UNA CULTURA HUMANISTA NO ES UNA CULTURA PATERNALISTA


Por ___

Cuando hablamos de una cultura humanista en ocasiones relacionamos actitudes y prácticas que en realidad corresponden a una cultura paternalista, especialmente dentro de un contexto de empresa familiar donde las líneas pueden difuminarse fácilmente. Aunque ambas pueden parecer centradas en el bienestar del empleado, su filosofía subyacente, dinámica de poder y consecuencias a largo plazo son muy diferentes.

Voy a desglosar las diferencias clave:

Cultura Paternalista

Control disfrazado de cuidado.

El modelo paternalista es un estilo de gestión obsoleta en el que el empleador (a menudo el fundador) actua como la «figura paterna».

Filosofía y poder: Se basa en una jerarquía rígida y una relación de dependencia. La dirección sabe qué es «lo mejor» para sus empleados y toma todas las decisiones importantes por ellos, limitando su autonomía.

Motivación del cuidado: El cuidado y los beneficios (como ayudas, regalos, o flexibilidad discrecional) a menudo sirven para generar lealtad incondicional, evitar la disidencia y mantener el status quo.
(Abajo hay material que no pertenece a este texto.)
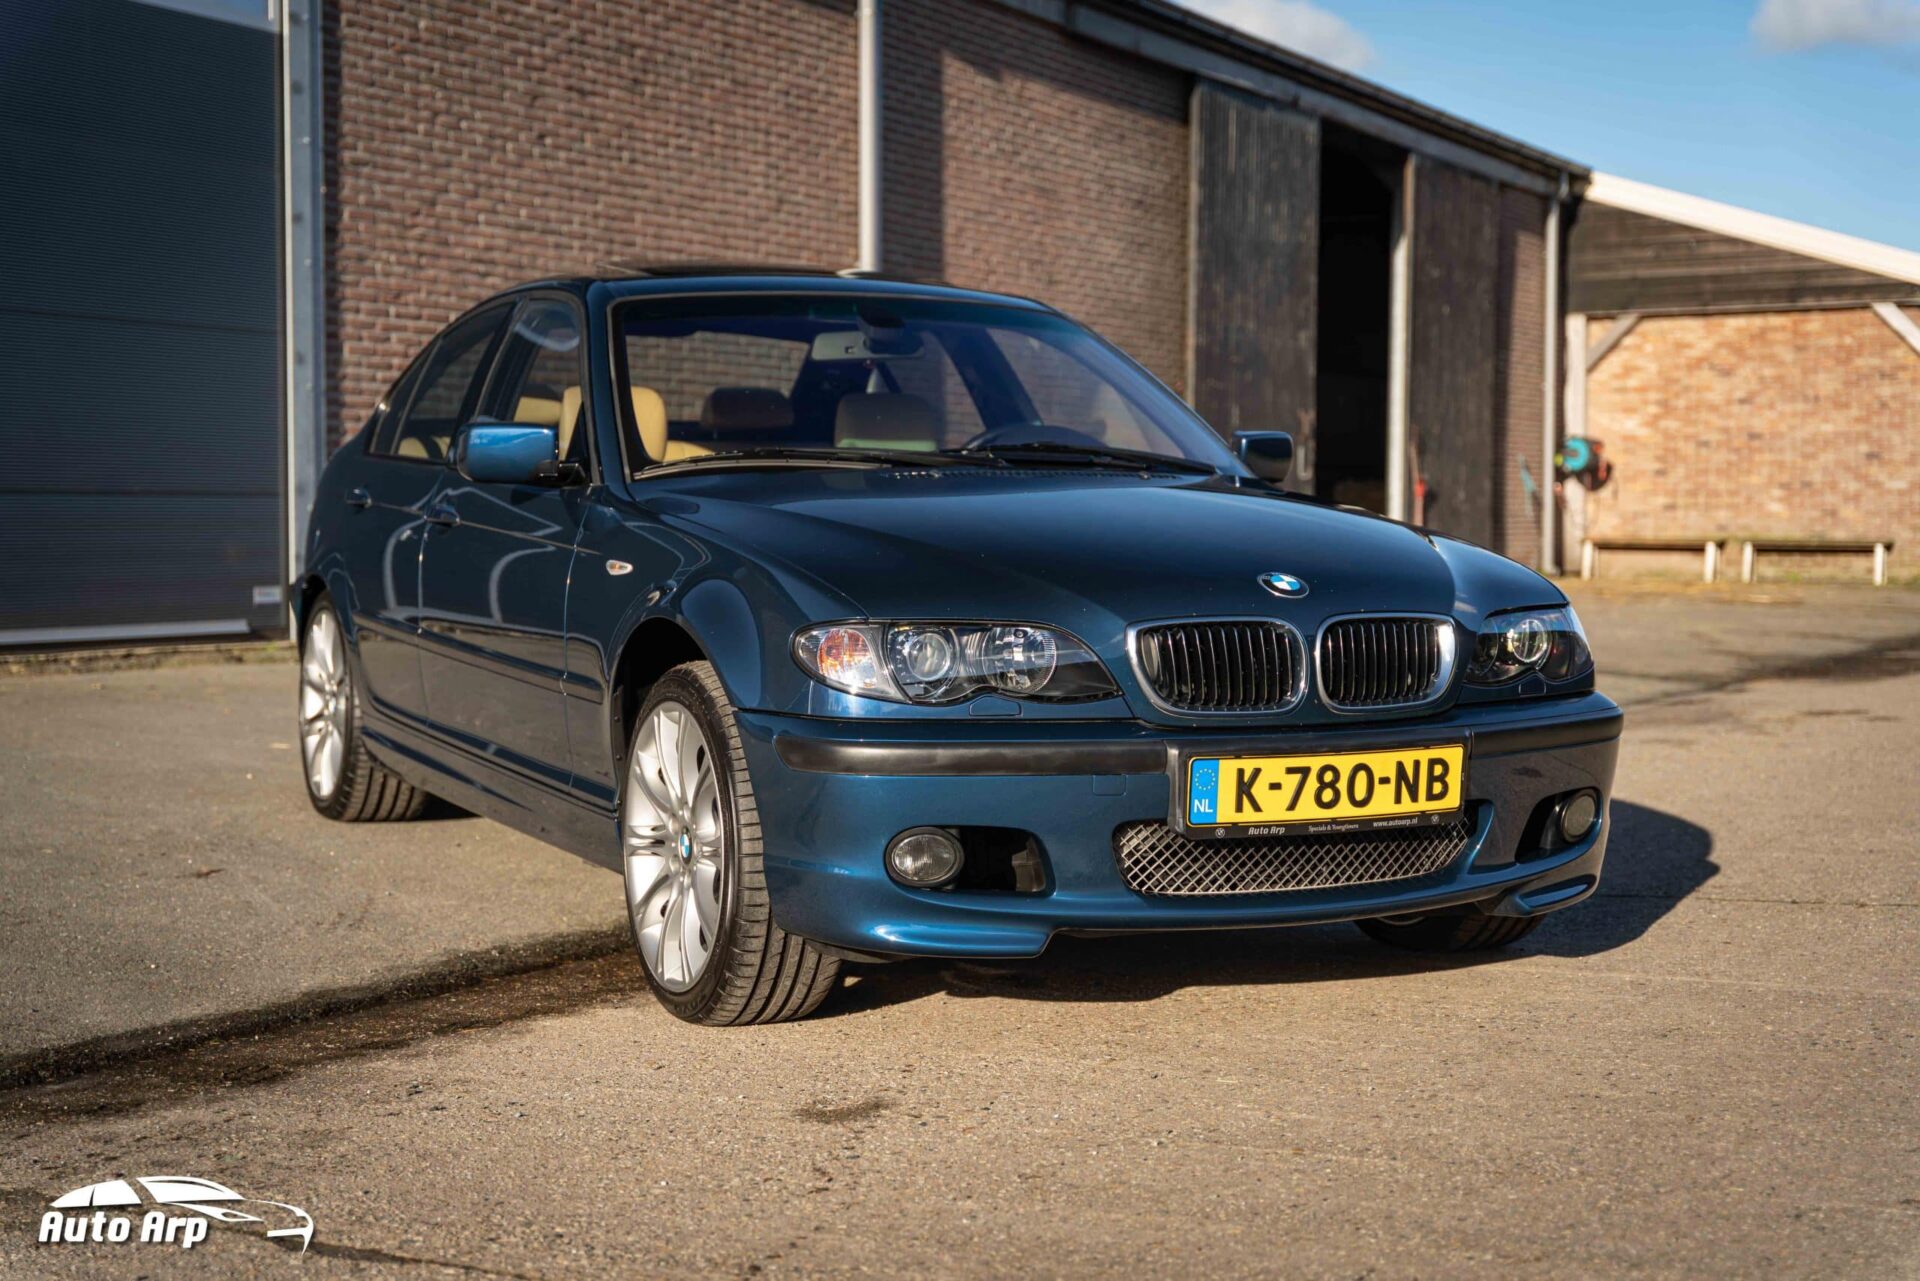 Bmw E46 330Xi With Factory M-Package | Auto Arp
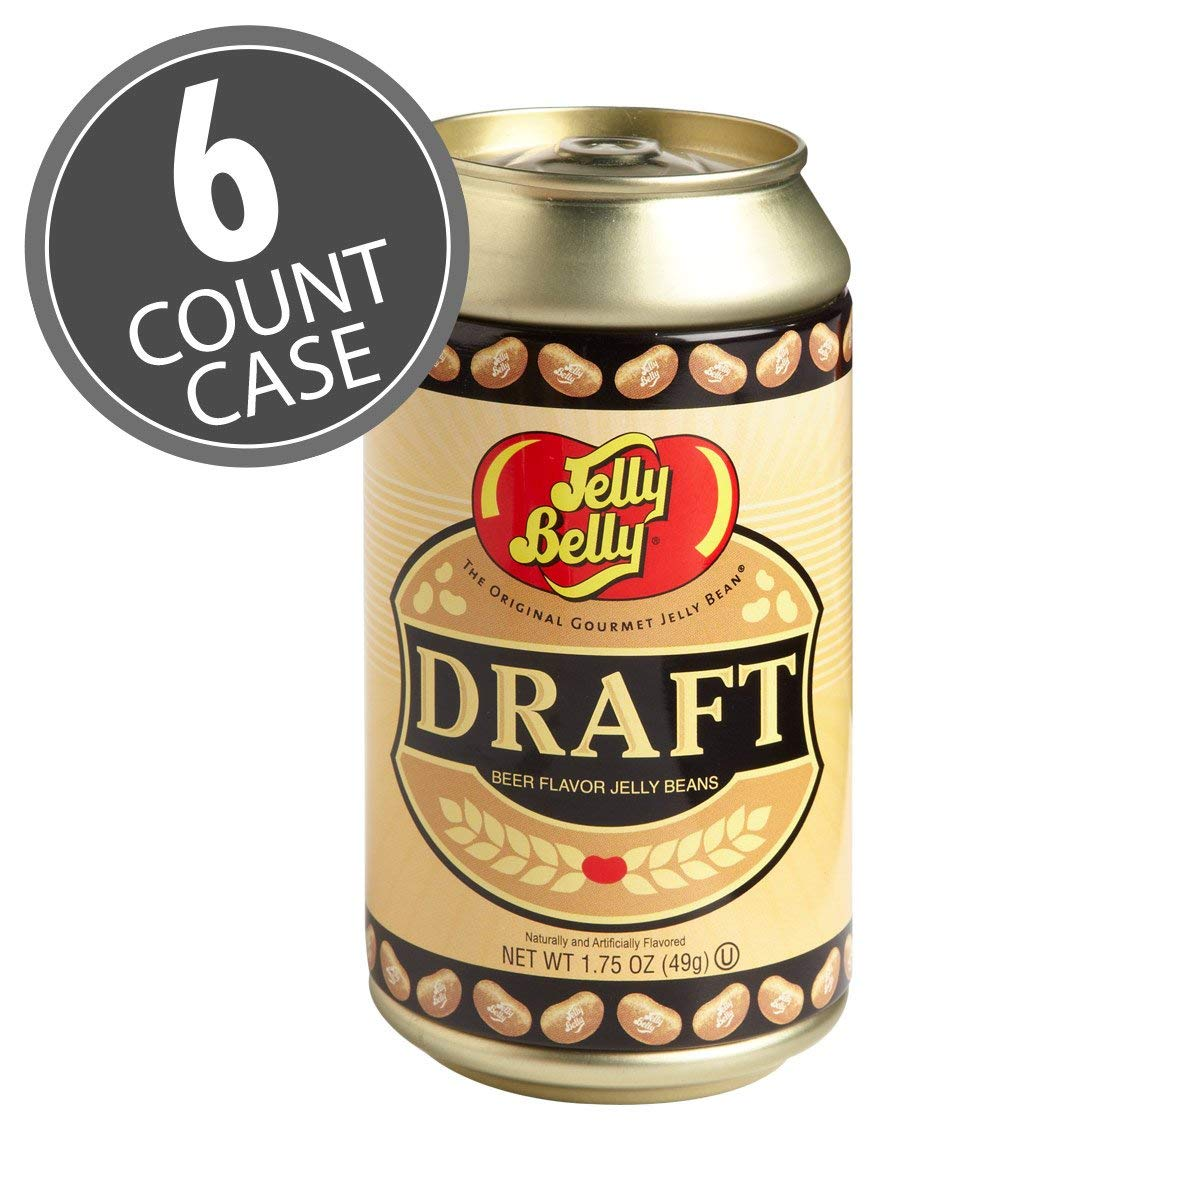 This can is filled with jelly beans, but if you're drunk enough it'll taste just like beer. Get grow out your jelly belly <a href="https://amzn.to/2RZGnsc" "nofollow" target="_blank">here</a>.

Es una herramienta de control encubierto.

Resultados a largo plazo: Fomenta la inmadurez profesional, la falta de iniciativa y la incapacidad de los empleados para tomar decisiones. Genera desmotivación y una rotación alta en las nuevas generaciones que buscan autonomía.

Cultura Humanista

Respeto, empoderamiento y propósito.

La cultura humanista (que se alinea con la filosofía Teal) coloca al ser humano en el centro de la estrategia empresarial, pero desde una perspectiva de respeto, dignidad y empoderamiento.

Filosofía y poder: Se basa en el respeto mutuo, la confianza y la creencia en el potencial inherente de cada persona. La autoridad se distribuye y se fomenta la responsabilidad individual.

Motivación del cuidado: El bienestar del empleado se promueve porque es lo correcto y porque un empleado pleno es más productivo, creativo y comprometido. Es una inversión en el crecimiento mutuo.

Resultados a largo plazo: Fomenta la madurez, la proactividad, la innovación y el desarrollo profesional. Atrae a las nuevas generaciones que buscan un propósito y un entorno de trabajo auténtico y transparente.

Para una empresa familiar que buscar asegurar su sostenibilidad y su legado, la transición del paternalismo al humanismo es crucial. El paternalismo ahuyenta el talento, mientras que el humanismo crea una base sólida para el crecimiento, la innovación y un relevo generacional exitoso.